Thanks for the comments...

----------


## mpb47

> Don't analyze her comments, analyze her actions.  She just wasn't that into you, and so she made up some reasons to rationalize it to you.  I doubt that those were the real reasons she didn't like you.  *She probably just didn't feel any chemistry, which isn't your fault.*  Try not to agonize over it.


 That certainly could have been part of it, but I really don't think that is all of it. I really think I stuck my foot in my mouth so to speak. I just realized something else I said. When it comes to things like politics, I don't normally have a strong opinion. But in my field I say what is on my mind. I am not as bad about this as I was say 10 years ago, but still. Anyway somehow the subject of a certain company that makes products in our field came up. They have a reputation of selling overpriced, under performing products. Turns out some of her "degrees" came from this company. Thing is, this would have come up sooner or later and I wouldn't have been able to lie if asked as this company has caused us plenty of trouble at work.
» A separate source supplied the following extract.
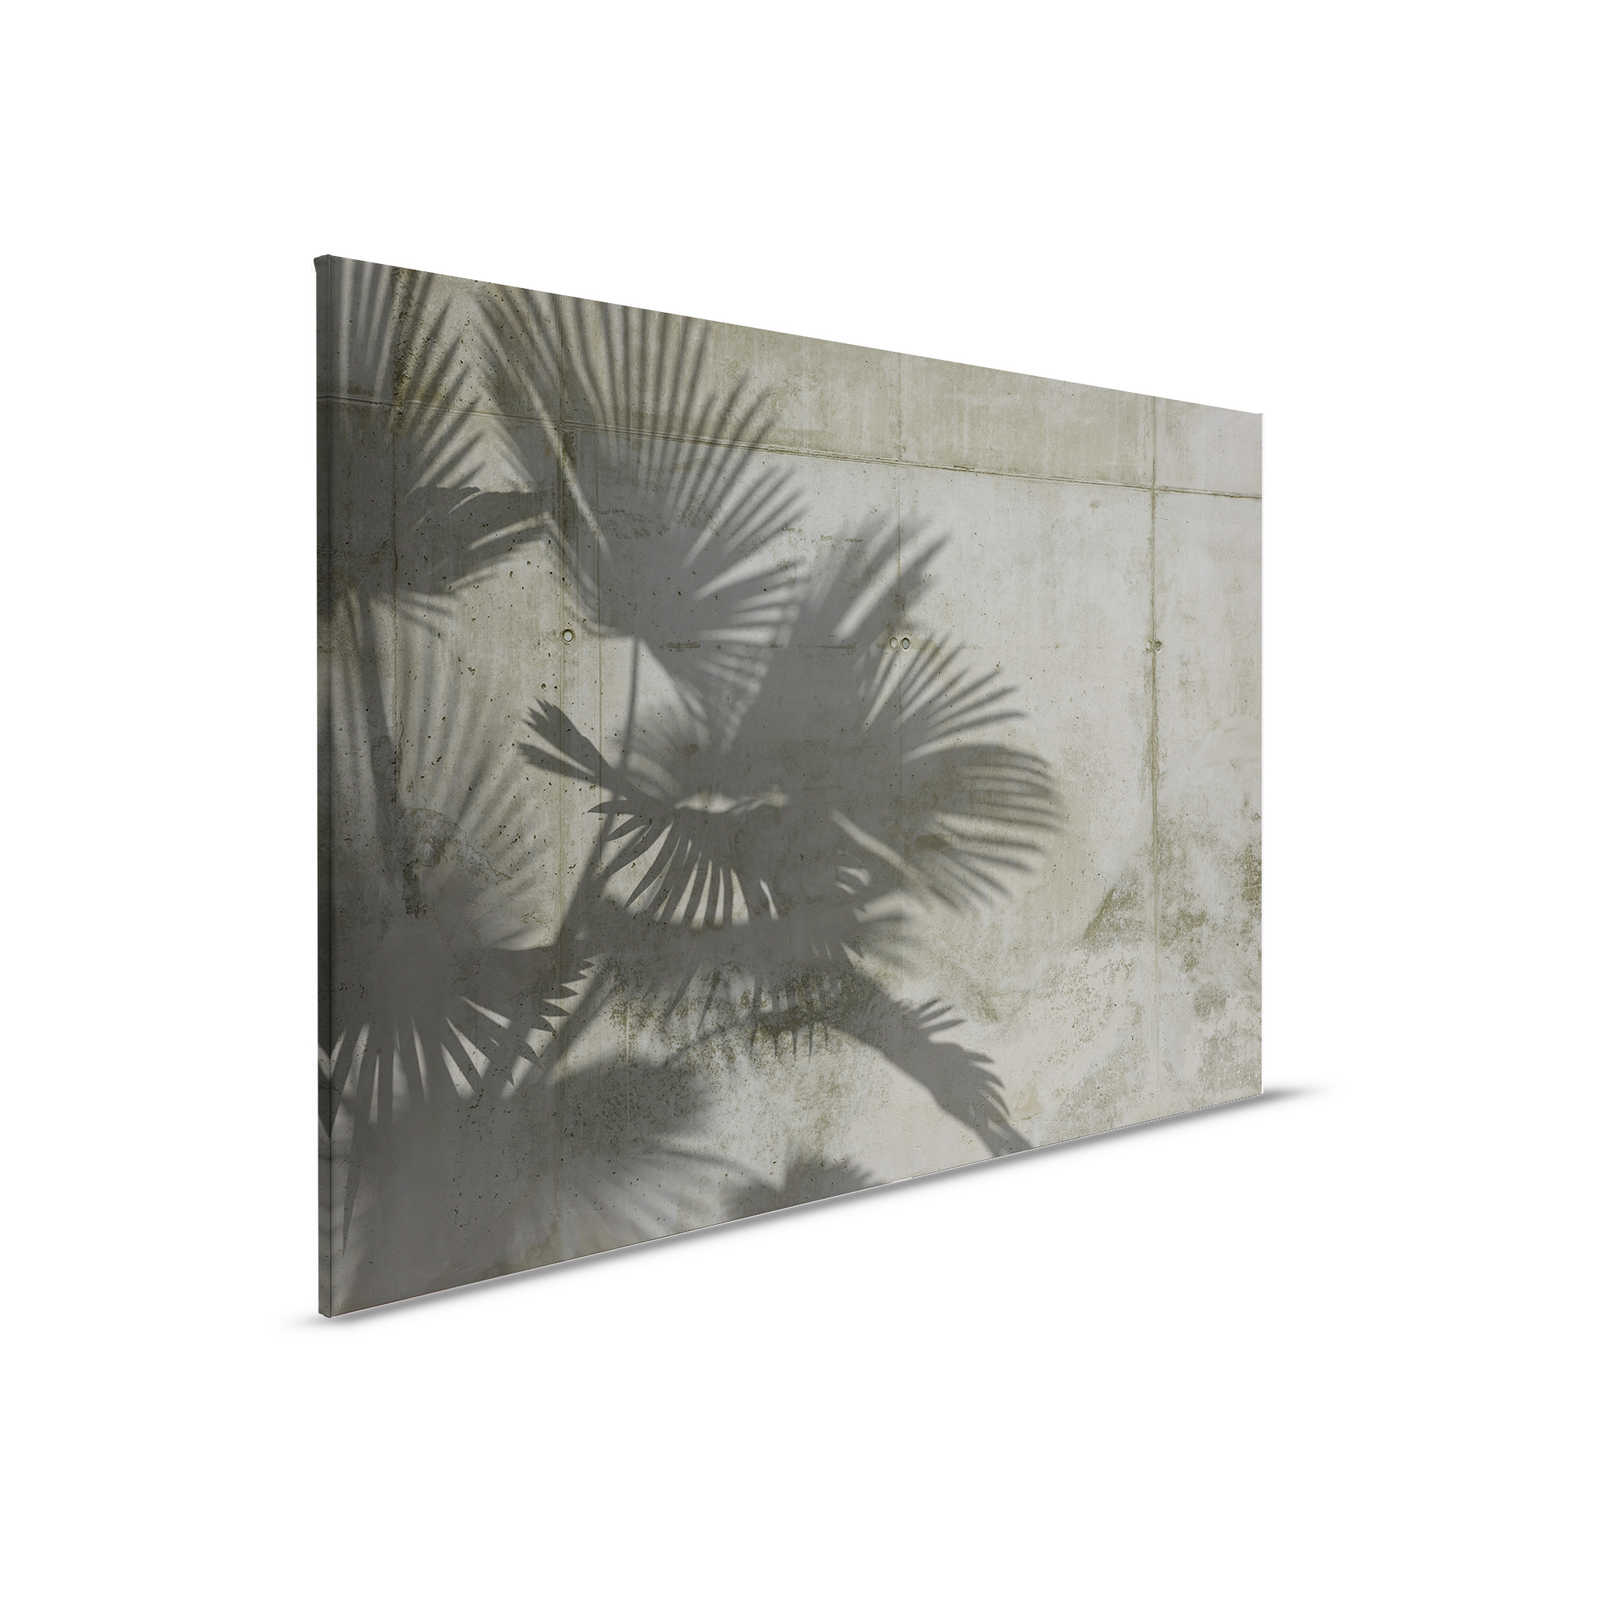         Leinwandbild Schatten von Palmenblättern auf Betonwand – 0,90 m x 0,60 m

Now I would not have cared one bit that she got some of her "degrees" from them, but it wouldn't change how I felt about the company. She may have been sensitive about this..don't know, but I am sure it didn't help me. But I am not going to be in a relationship where I am always going to be walking on a tight rope ether.

----------


## Proper

> Oh god this is so funny. You know you're an ugly twat BD, stop trying to convince yourself othetwise


 AHAHAHAHAHAHAH! ****ING +1.

Anyways, if a girl avoids, its easy, she just wasn't into you and is coming up with an excuse as to why. People don't full out say they don't want to be with you cause of the way you look. That may be the case here because she says on paper, you guys match, which means you weren't exactly what she had in mind when she met you. I'm not saying you are ugly, I'm just saying women are picky bitches. And also, if shes doing the online thing, she must've had a whole lotta other people she was talking to at the same time she was talking to you and maybe found a better option in her opinion.

I had a friend that became a slut after high school and when we use to hang out that during in social events, she was always with a different guy every week or two and she'd tell everyone that they were just friends but I know where shes meeting those guys and how. We all talked about her behind her back which was the funny part and we made fun of her a couple times about it which is why she doesn't hang out with us anymore but whatever, bitch got what had to be said.
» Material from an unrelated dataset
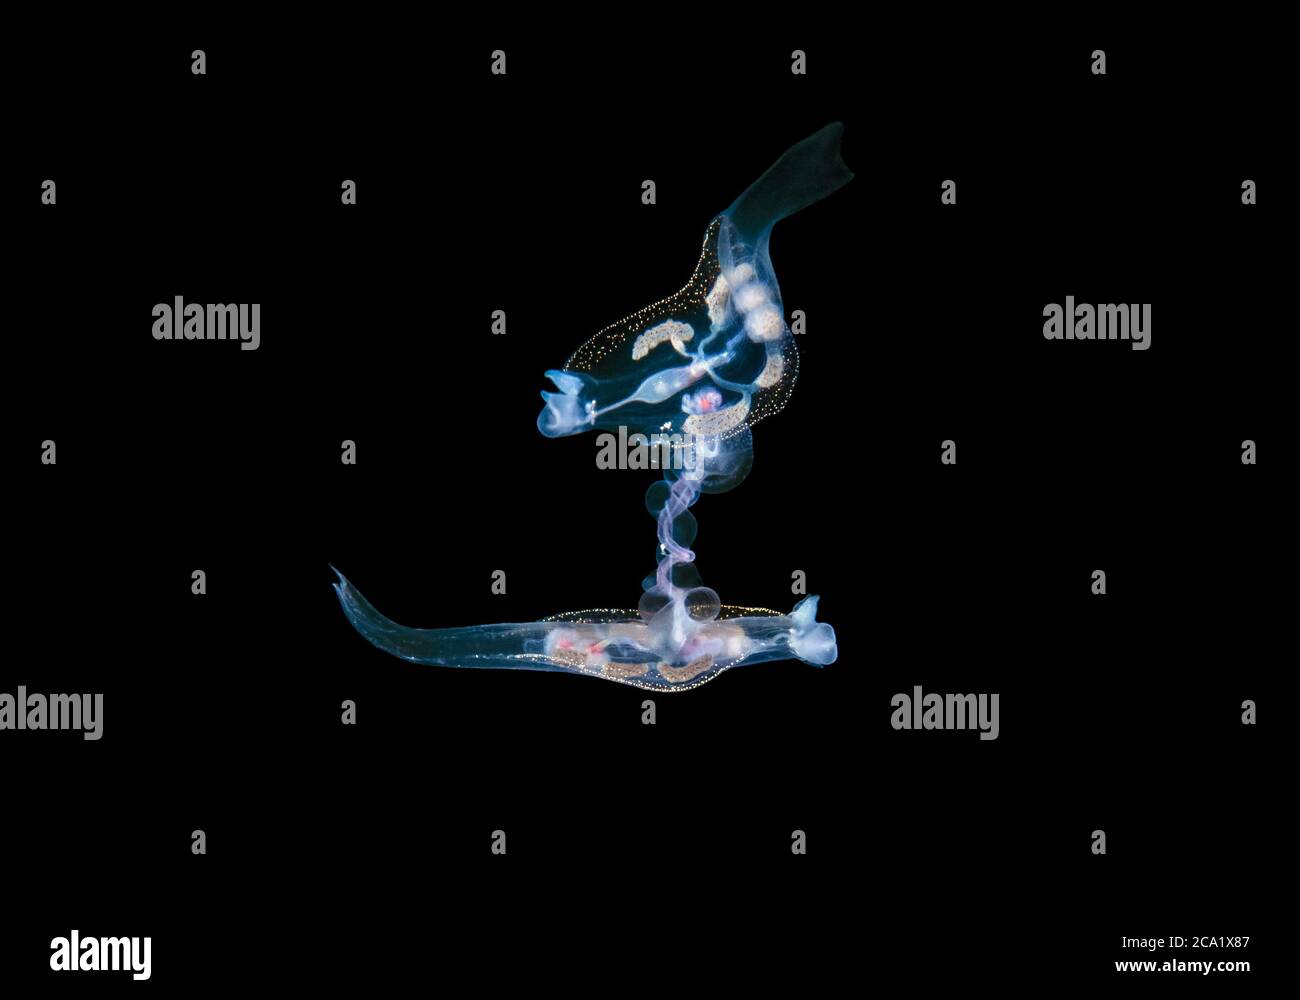 Pelágicos nudibranch, Philliroe especies, pareja, apareamiento, por primera vez fotografiado durante la inmersión en aguas negras cerca de la superficie en 600+ pies de Wat Foto de stock

In all honesty, just don't think about it and give her the **** off, just another bitch. Don't be one of those guys where their girls want to take a snapshot together at a restaurant or some shit. I see that all the time and I can't help but laugh to myself at how ***** the guy is to let his girlfriend tell him what to do unless of course he wanted to in the first place then sure why not.

----------


## mpb47

> AHAHAHAHAHAHAH! ****ING +1.
> 
> Anyways, if a girl avoids, its easy, she just wasn't into you and is coming up with an excuse as to why. People don't full out say they don't want to be with you cause of the way you look. That may be the case here because she says on paper, you guys match, which means you weren't exactly what she had in mind when she met you. I'm not saying you are ugly, I'm just saying women are picky bitches. And also, if shes doing the online thing, she must've had a whole lotta other people she was talking to at the same time she was talking to you and maybe found a better option in her opinion.


 
Who knows that may have been it , though I really think if it could have been that and the other things I mentioned. It took her months to finally say she was not interested and when she did, she said more than once that a friend of her would be a good match, but never provided any details so I really don't know what she was really thinking.
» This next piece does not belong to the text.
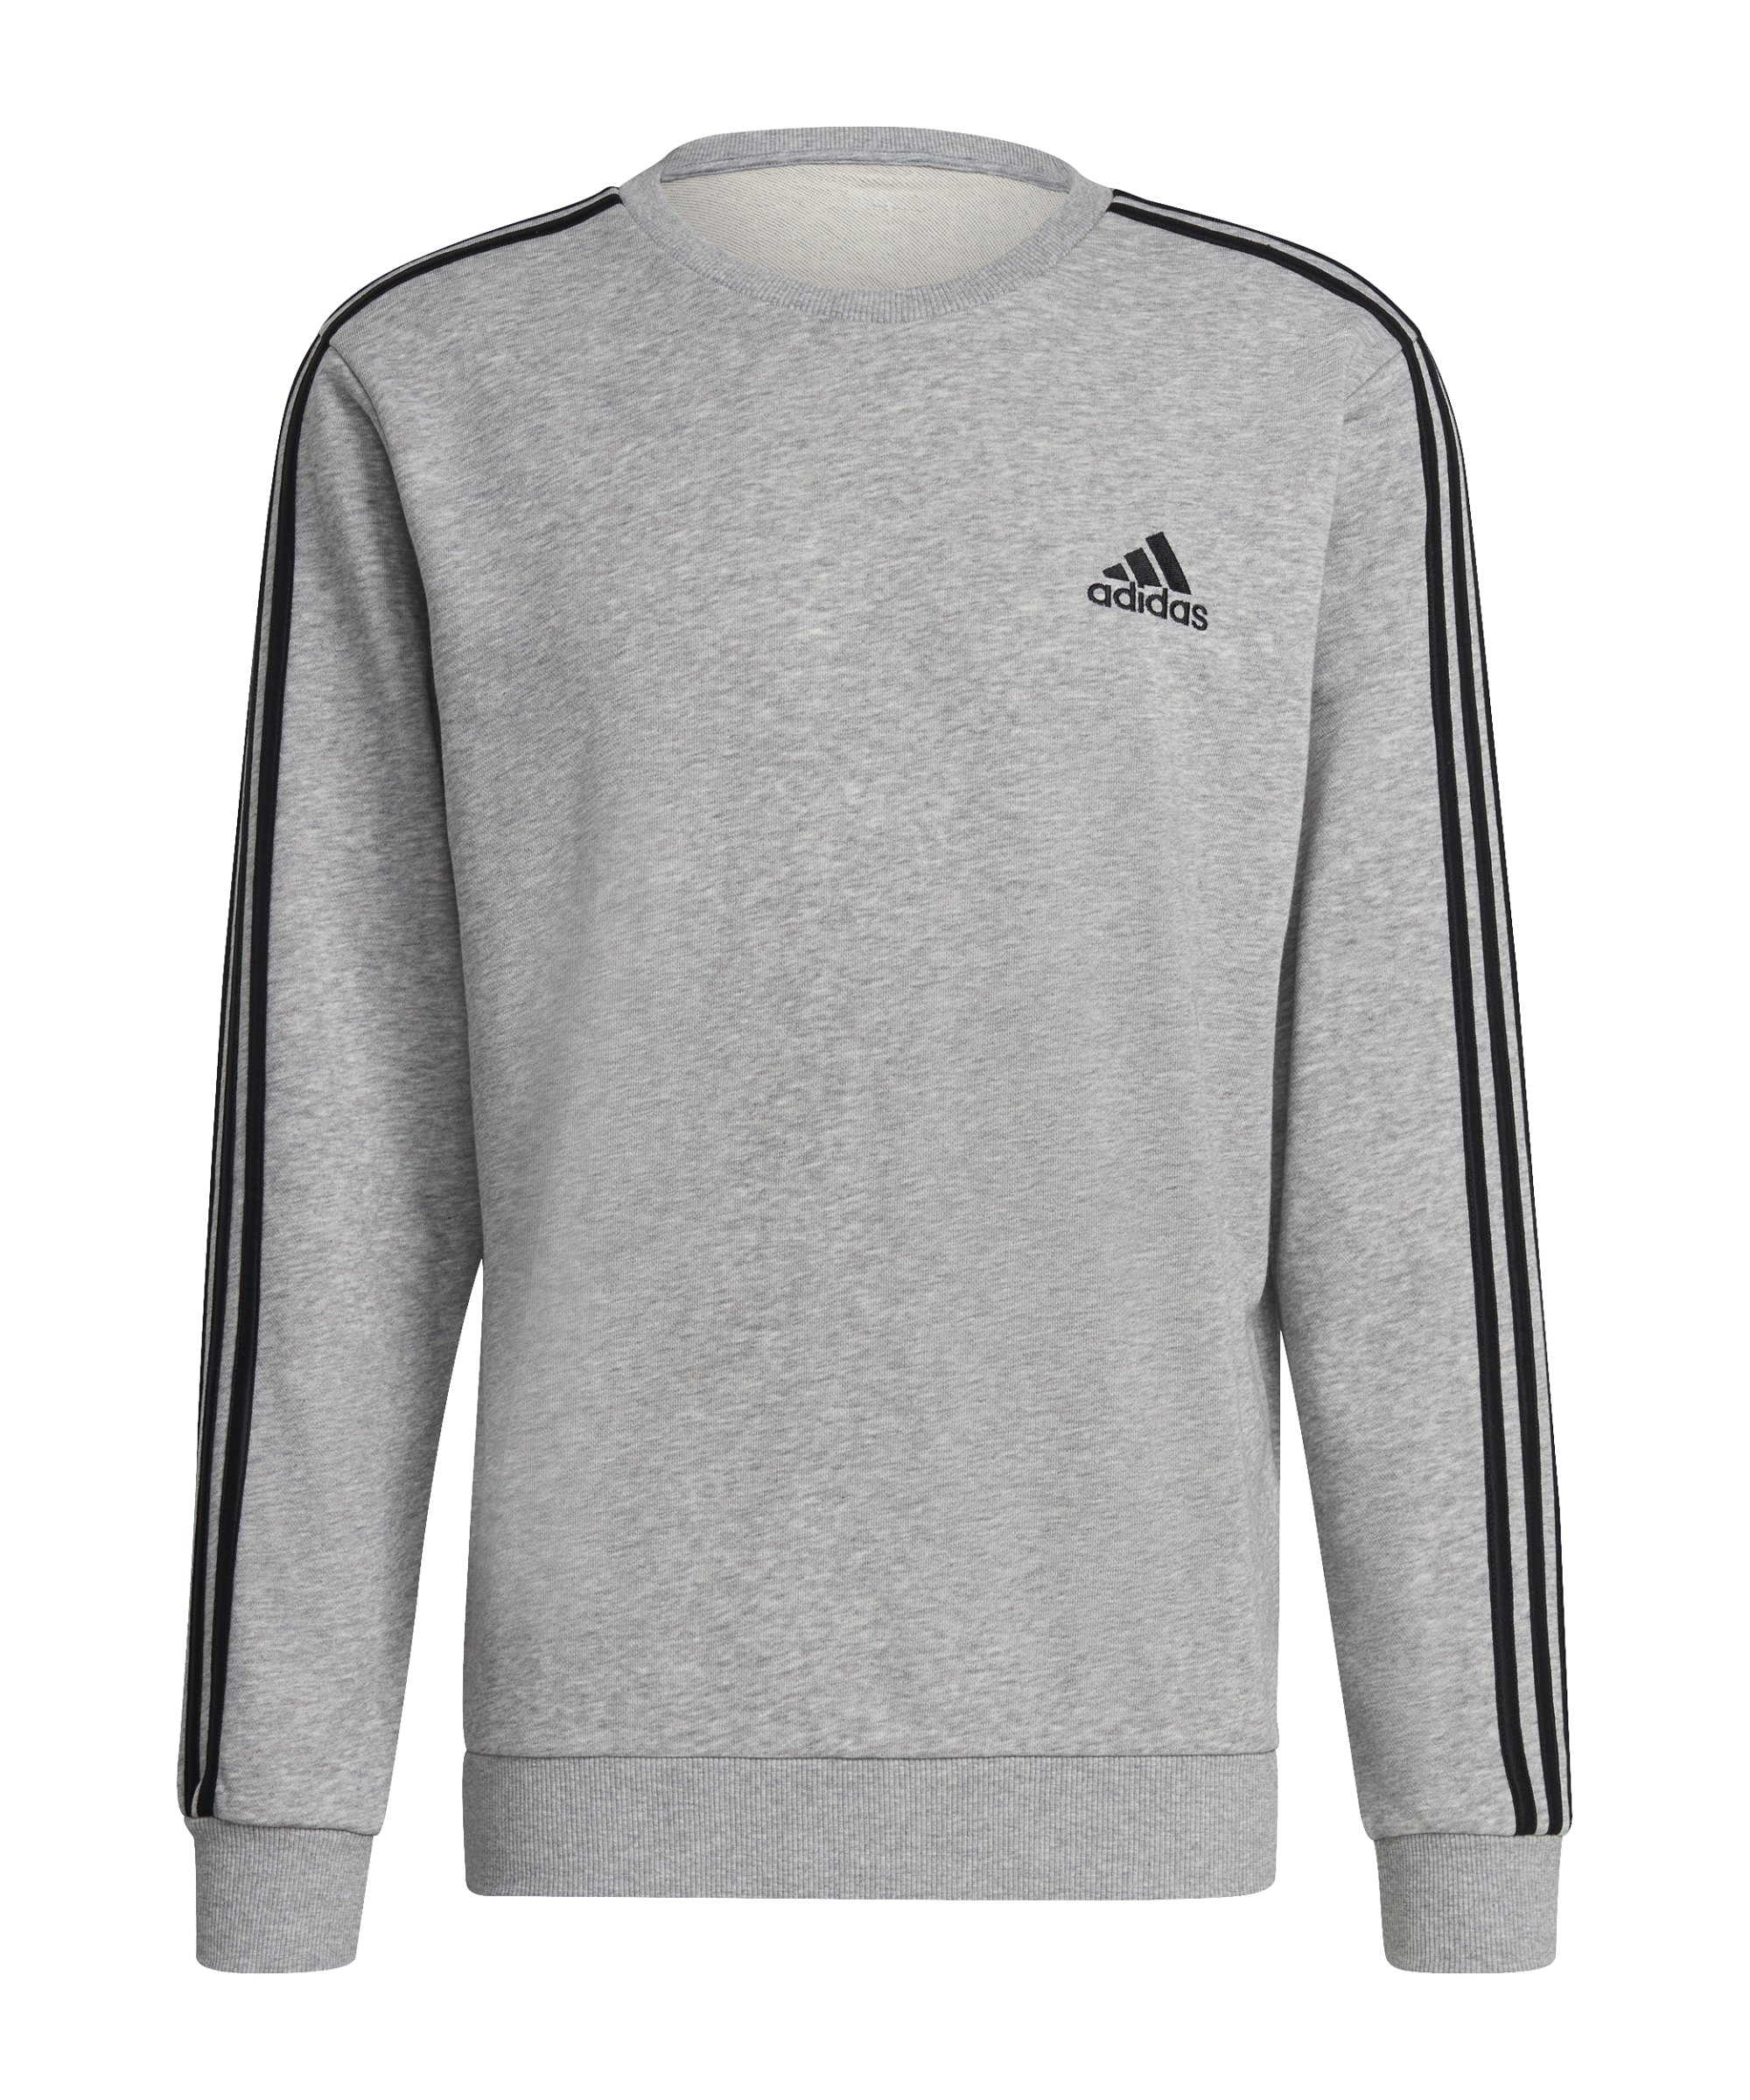 adidas Essentials 3S Sweatshirt Grau Schwarz - grau

> In all honesty, just don't think about it and give her the **** off, just another bitch. Don't be one of those guys where their girls want to take a snapshot together at a restaurant or some shit. I see that all the time and I can't help but laugh to myself at how ***** the guy is to let his girlfriend tell him what to do unless of course he wanted to in the first place then sure why not.


 The funny thing is I would forget about her and then she would reappear
for a week or so, then disappear again. This kept happening every few months. Oh don't worry, I knew better than to get involved at that point as she was too flakey. I just always wanted to know why she wasn't into me. She is really smart but kinda nuts too as her last husband left her. She told his name once and a mutual friend told me he was on local tv from time to time. Well not too long ago I finally saw him and he kinda looked like an older version of me so that could have been it as well. I don't know if she intended it to come out this way, but her updated profile comes off as arrogant. As in don't bother me unless you are smart. Knowing that I would have loved to challenge her to a game of "chess".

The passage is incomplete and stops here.